偽性高カリウム血症においての心構えは偽性だと疑うことも重要であるが、それと同等くらい重要なのは「どうせ、いつもの採決の時の溶血で上がっているだけだろう。」と高を括り、中央検査室からの検査待ちにして、患者を放っておかないことだ!!!
➡モニタリング、ECG確認、再採血して血液ガス検査で再検査!


病態生理「こうやって起こる高カリウム」:BRASH 症候群含む

腎機能障害に伴う排泄不足の他に知っておく必要があるのは、アシデミア・組織崩壊・薬剤(RAASi/NSAIDs/β遮断薬)の三本柱が Na⁺-K⁺ポンプ を阻害し、細胞外に K⁺ が流出する病態。これが 活動電位の短縮 → 不応期の消失 → VT/VF を誘発します。

さらに、薬剤性も絡んだ病態としてBRASH 症候群(Bradycardia, Renal failure, AV-blocker, Shock, Hyperkalemia)は、緩徐に進行する分、気づいたときにはギリギリで、CaCl₂+インスリン+透析の“ジャンプスタート”が必要になることも[PMID: 33133361]。

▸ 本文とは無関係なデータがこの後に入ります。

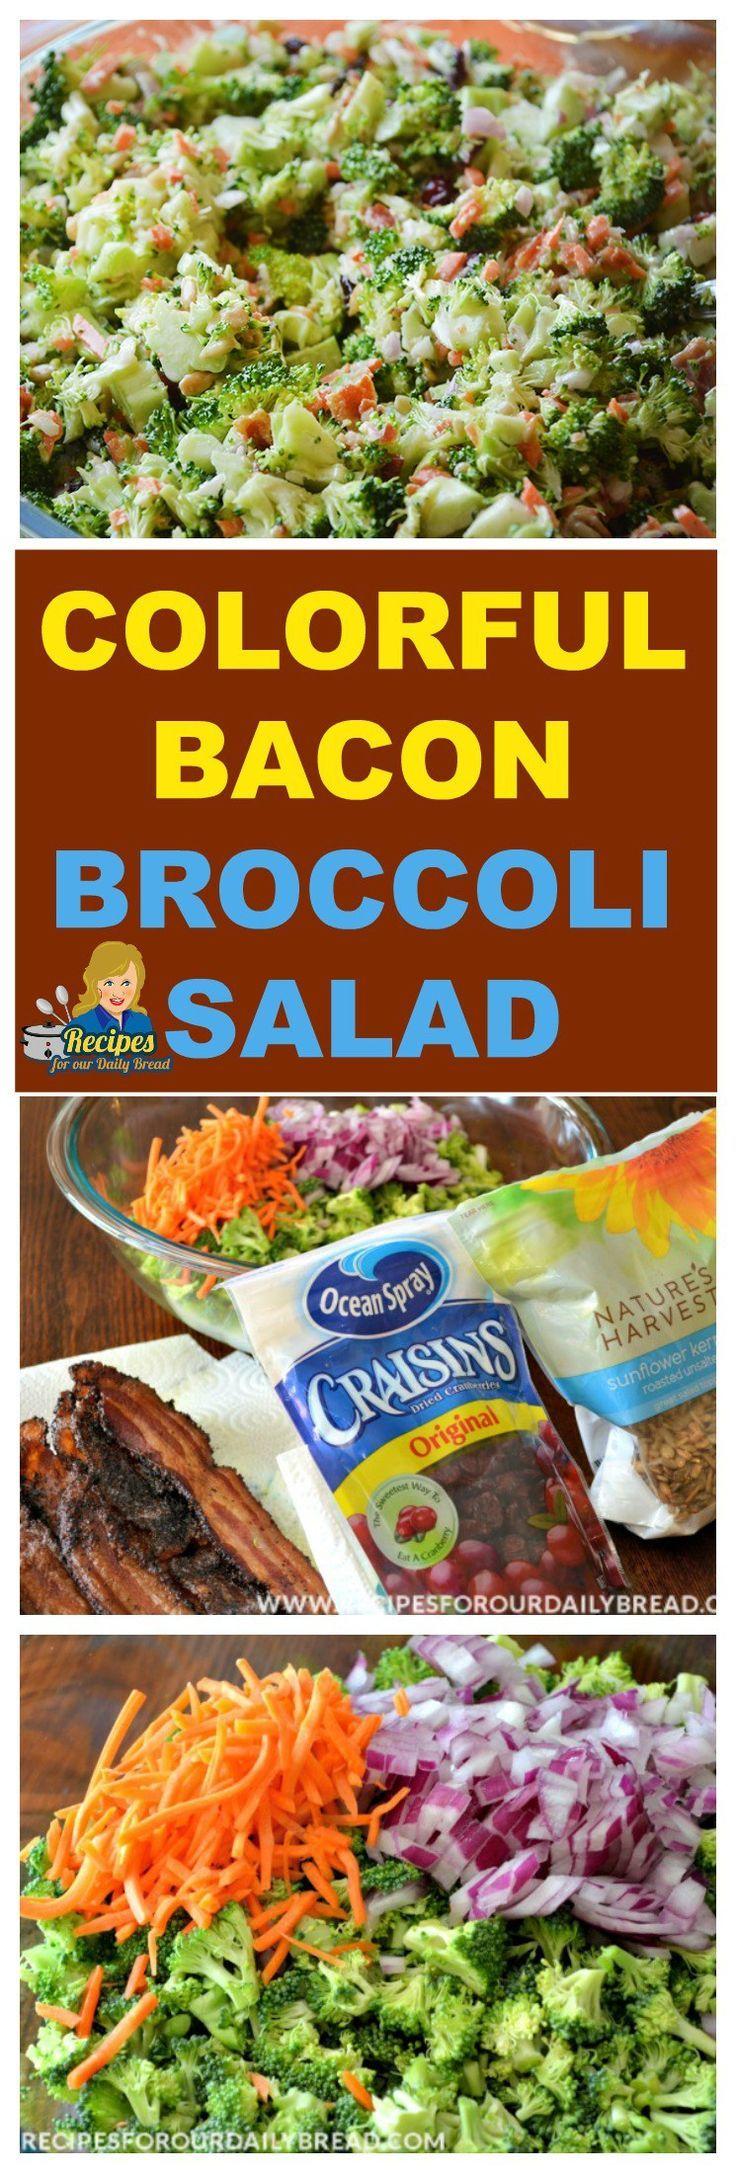 How to make awesome colorful broccoli salad with bacon  How to make awesome colorful bro...#Awesome

BRASH 症候群はがCaチャネル遮断薬やβ遮断薬+高Kで相まって循環不全、不整脈をきたすためテント状T波やP波の減高(消失) 、PQ時間の延長、wide QRSなどがなく、直で徐脈や不整脈が起きやすいことになります。またカリウム値は5~6台mEq/Lであったとしても重篤なじょうたいになることもあるので注意が必要です。あと脱水による腎機能障害なども関連してるって言われてますので夏場には多くなるかもしれません。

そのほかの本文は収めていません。